___ Data segment ___
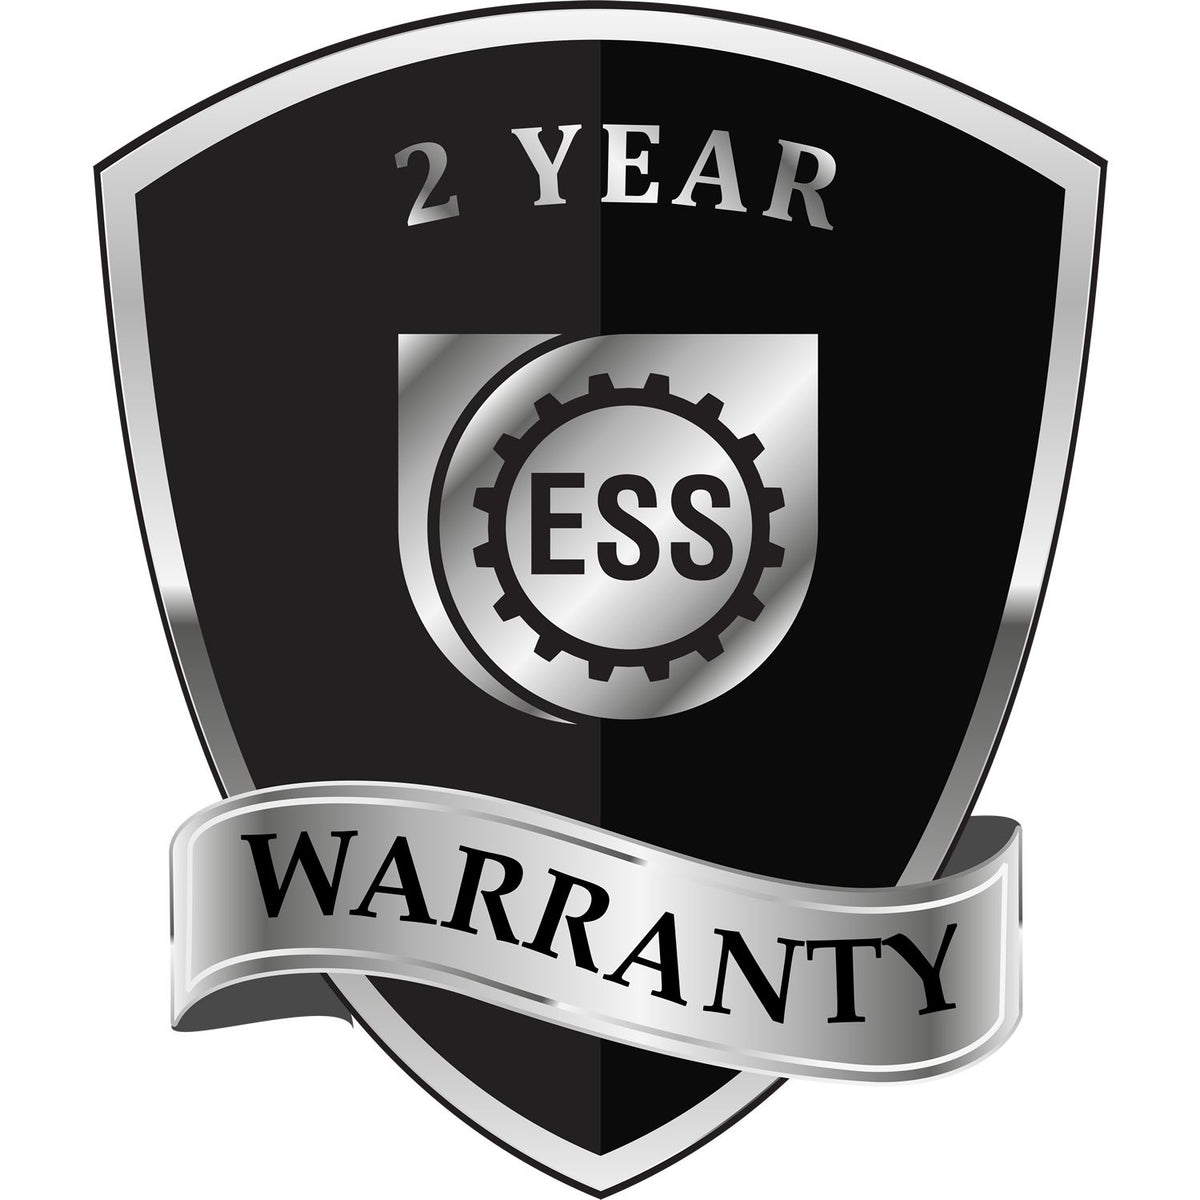 A black and silver badge or emblem showing warranty information for the South Carolina Geologist Desk Seal
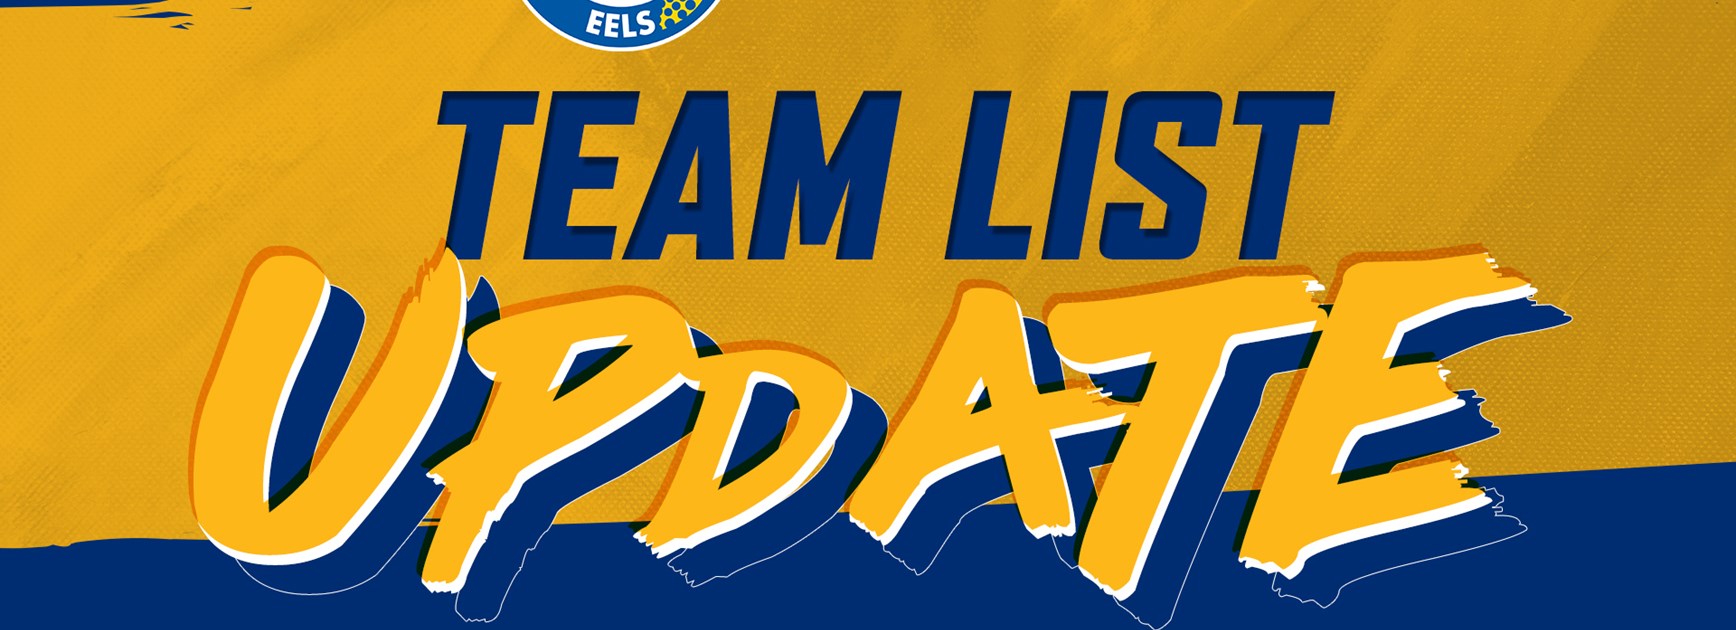 Eels v Sea Eagles Team List Update
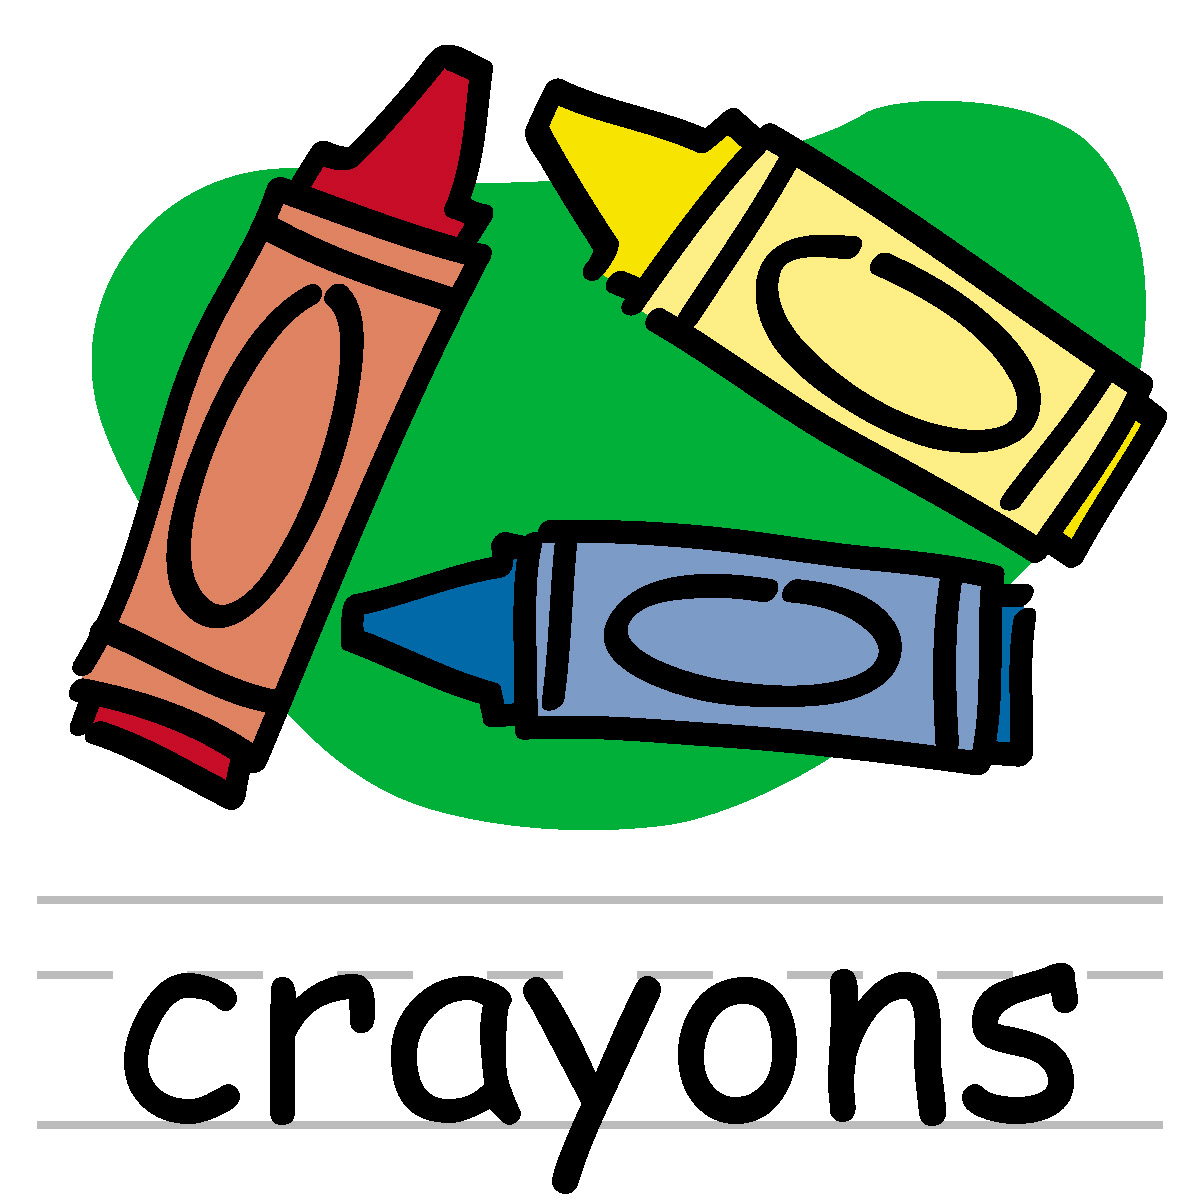 Crayola Crayon Box Clipart Crayon Clip Art Crayon Clip Art 7 Jpg
___
Task brief:
Give back all of the material exactly, though without the images it contains.

Answer space:
 A black and silver badge or emblem showing warranty information for the South Carolina Geologist Desk Seal
 Eels v Sea Eagles Team List Update
 Crayola Crayon Box Clipart Crayon Clip Art Crayon Clip Art 7 Jpg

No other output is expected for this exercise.